Recorded data
*** Block opens ***

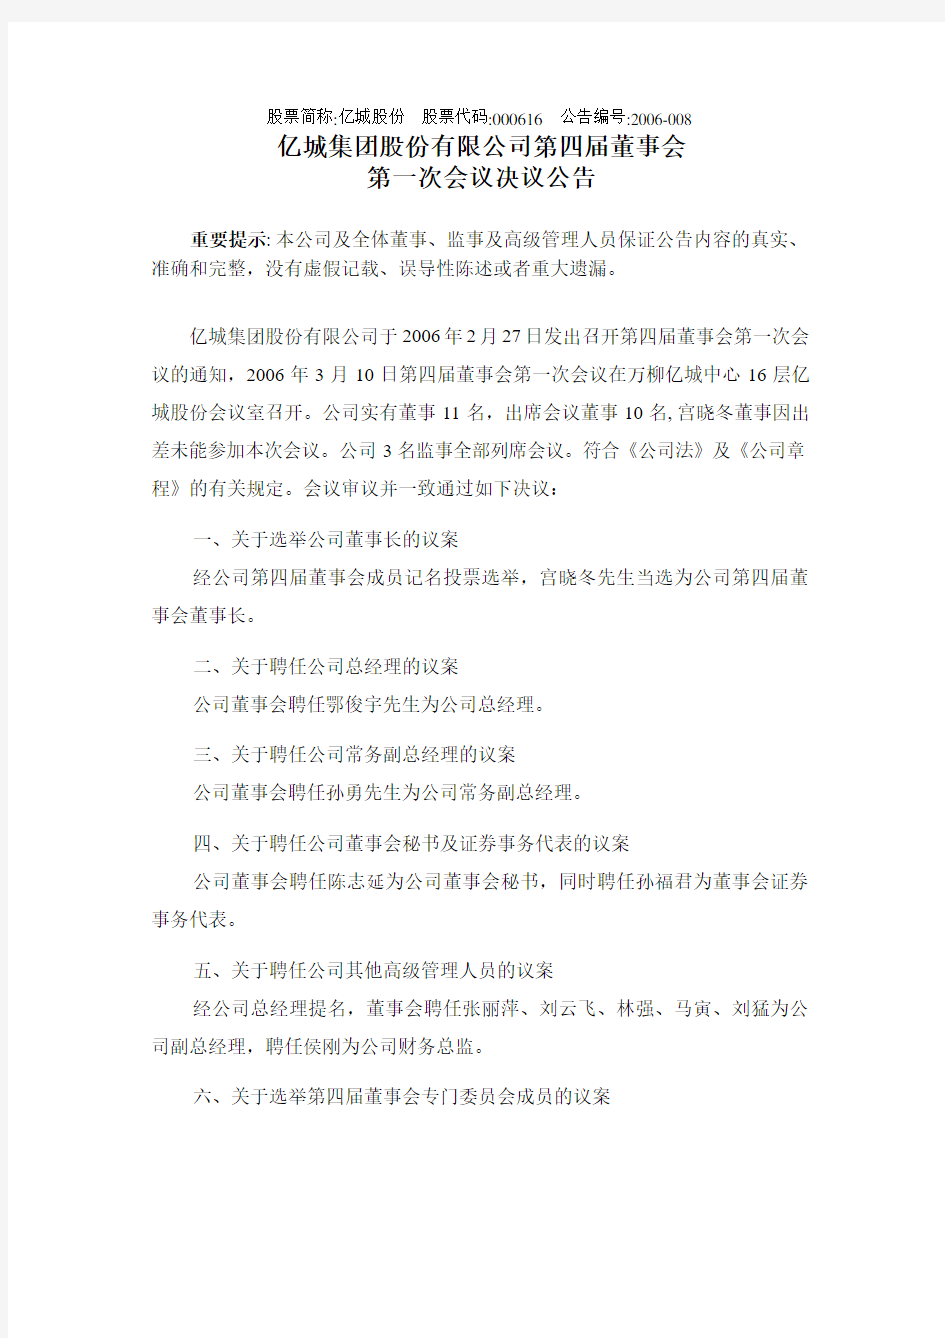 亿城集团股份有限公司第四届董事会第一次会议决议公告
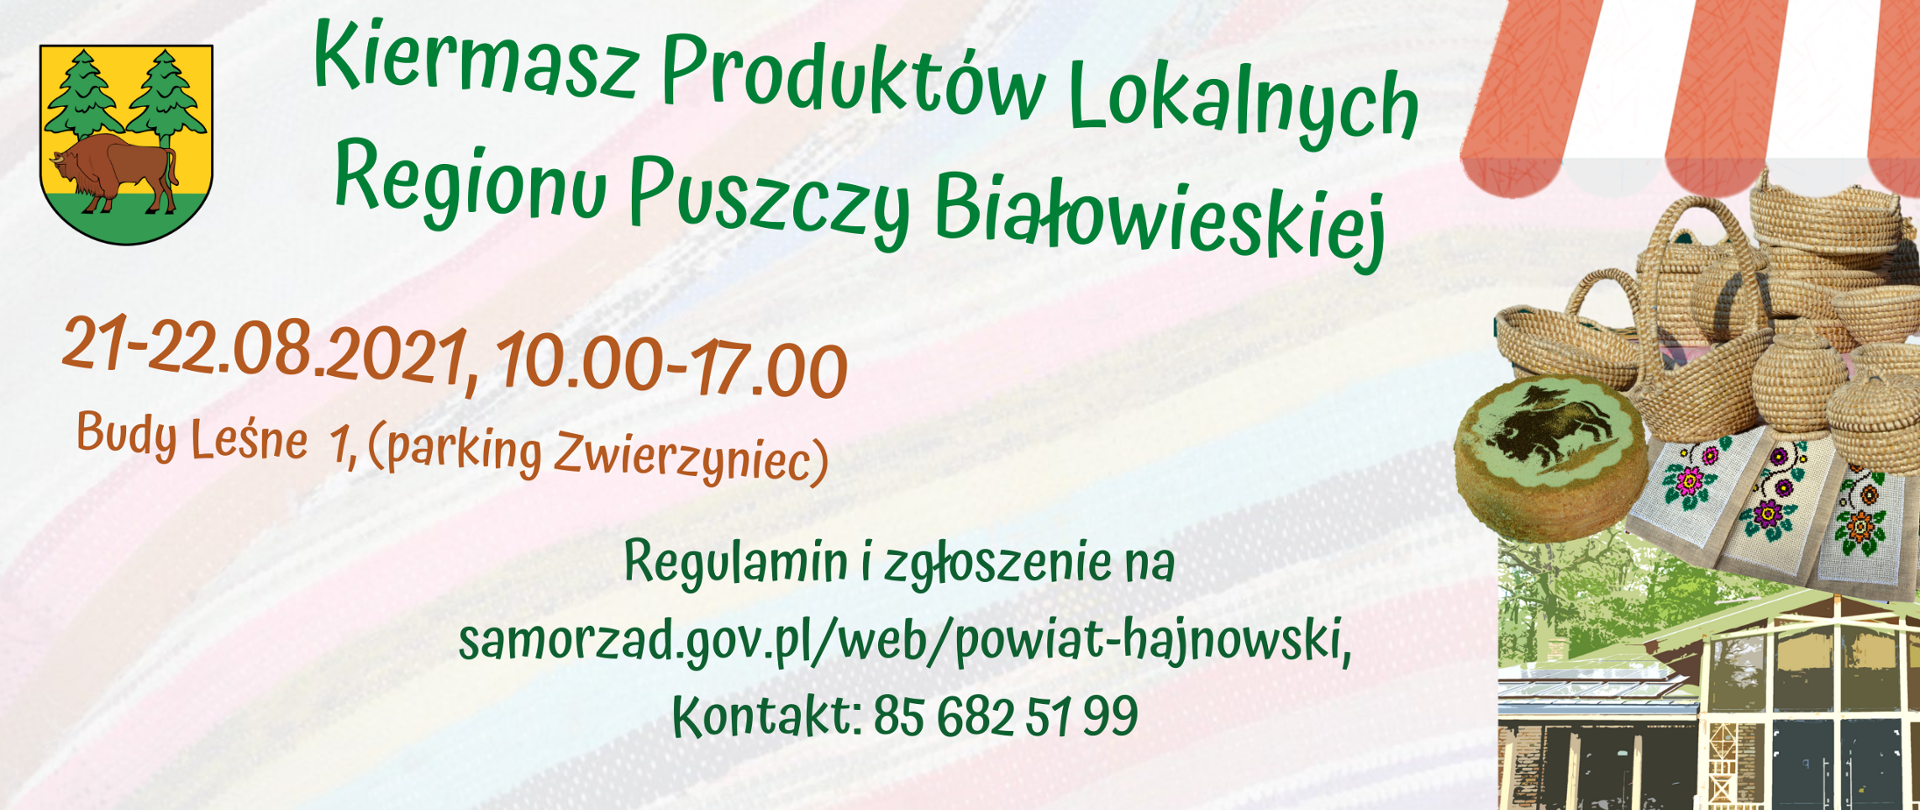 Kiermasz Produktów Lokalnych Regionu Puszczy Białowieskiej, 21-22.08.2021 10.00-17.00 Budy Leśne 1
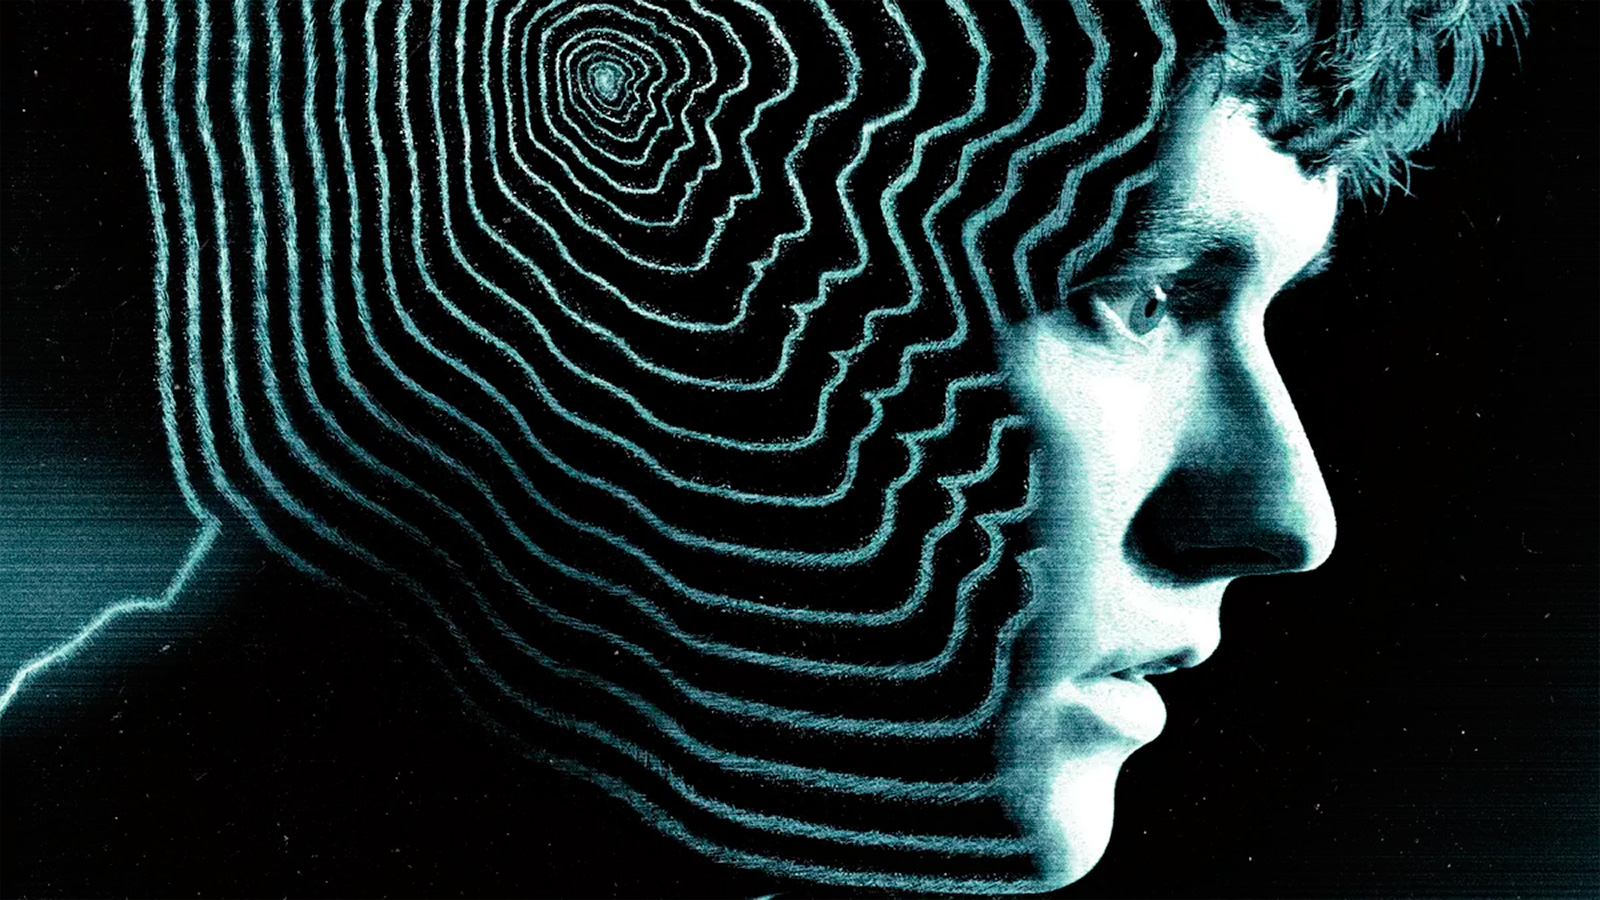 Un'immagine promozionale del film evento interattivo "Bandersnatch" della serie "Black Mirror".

*** Block closes ***

Your assignment
An exact copy of the listing above, minus its pictures, is what is needed here.

Output
 亿城集团股份有限公司第四届董事会第一次会议决议公告
 Kiermasz Produktów Lokalnych Regionu Puszczy Białowieskiej, 21-22.08.2021 10.00-17.00 Budy Leśne 1
 Un'immagine promozionale del film evento interattivo "Bandersnatch" della serie "Black Mirror".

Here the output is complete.